03:12 AM February 19th, 2015

By: Micky Fenix, February 19th, 2015 03:12 AM

How many of us, especially those born in the city, can say that the vegetables on the dining table came from our own backyard, or that the chicken used in the tinola was earlier seen pecking at the ground?

Perhaps the closest thing to the experience is at the weekend market where some sellers say the pako (fiddlehead fern) grew in pots at their home, the hito (catfish) is from their pond, or the brown rice was harvested from their mountain farm.

Consider the background of renowned chef-restaurateur Alain Ducasse. In his 1998 book, “Ducasse: Flavors of France,” he recalled growing up in a farm in Les Landes, southwestern France, where the family vegetables came from a garden, and the foie gras from the ducks and geese his parents raised. Those were early lessons on the importance of natural produce.

Tribute to farmers

Farm-to-table food is what many restaurants boast these days. There is a need to identify the provenance of the ingredient, to pay tribute to the farmers who planted and raised them, as well as the artisans who turn the ingredients into natural processed food.

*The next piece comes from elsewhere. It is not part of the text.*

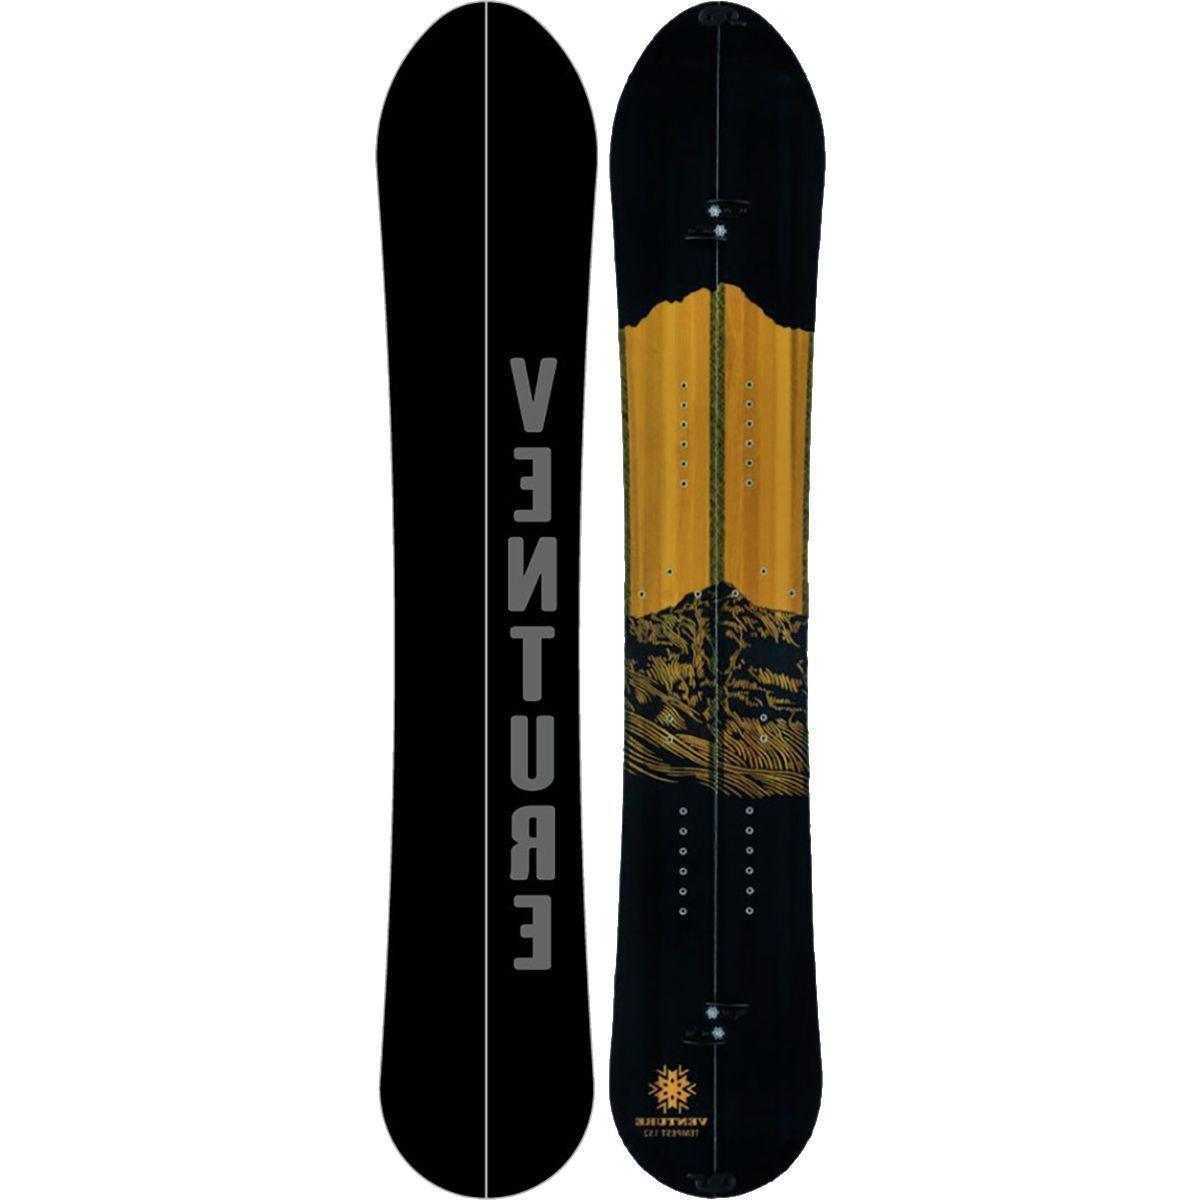 Venture Snowboards Tempest Split Snowboard - Women's

Taza, the new outlet of Taal Vista Hotel in Tagaytay, is a good example. Its name—from the Arabic word taaza which means “fresh”—must have been suggested by Walid Wafik, the hotel’s Egyptian general manager.

Middle Eastern mezze was first to be served. One can order each of the 10 offerings, enough for lunch or dinner.

For a full-course meal, however, the spinach and bacon jam, sautéed chicken liver and boquerones are nice choices as appetizers.

Setting the tone right was a cocktail of bignay (a fruit similar to cranberry) wine; it had a cool taste, none of the tartness of the local berries.

We remembered the story of how bignay trees were planted in the Malagos farm of Davao so that the birds would return—a sign that the environment is healthy. It took years before the birds came, and so the bignay had to be processed, hence, the wine that the farm makes.

Because Tagaytay has many vegetable and herb farms including the small patch at the hotel grounds, farm-to-table salad is a staple. This was tossed with goat cheese from Malagos, pineapple also from Tagaytay, pili nuts from Naga, and dried mangoes from Cebu.

Organic black rice

While waiting for the other dishes, we were told that in Negros, farmers have formed a foundation called Negros Island Sustainable Agriculture and Rural Development. That is quite encouraging because it means farmers learn about best practices in producing the ingredients.

We tasted the organic black rice grown in the farm of Boyet Uychiat, president of the foundation; it was made more flavorful by cooking the grains in broth.

Jayme Natividad, the chef for Taza’s opening, travels around the SM Hotel properties to design and oversee dining concepts. Because he worked at Mario Batali’s restaurants in New York, his forte is Italian cooking; pizza and pasta are featured on the Taza menu.

Italian cuisine emphasizes simple ways of cooking with only the freshest ingredients. That redounds to the natural sweetness from newly harvested tomatoes. (Batali, however, vouches for canned tomatoes processed right after harvesting.)

Kesong puti and mozzarella, the cheeses used for the pizza at Taza, are from artisans in Laguna.

While the papardelle caccio e pepe (broad flat pasta with cheese and peppercorn) was being served, chef Jayme related how he sent a photo of the dish to his chef at Batali. From how the pasta looked, the chef told Jayme that he could improve the texture, giving him instructions.

The papardelle tasted light but kept its structure; it’s a must-order. It reminded us of the pasta made in the BBC show “Two Greedy Italians”—silk handkerchief pasta with pesto, where the noodle was so thin and light you could blow it off the table.

Duck with mushroom lasagna

There was also a more hefty-tasting duck with mushroom lasagna for those who want something heavy. The brown sauce was so rich and heady that a main course might prove too much.

The guests were asked to choose which protein they preferred, but we all shared our orders anyway. The tomahawk pork chop (so-called because the thick cut looks like an axe) and the pan-seared chicken were both tender with a rich sauce.

The lighter courses were grilled prawns from Iloilo and sole that was steamed in wax paper (en papillote).

Knowing where the ingredients come from is one tack of the farm-to-table concept; another is to have all ingredients come from the place where the restaurant is located. That may limit the menu at Taza.

But what’s more important is that the ingredients are fresh, from local sources known for their best farm practices and quality produce.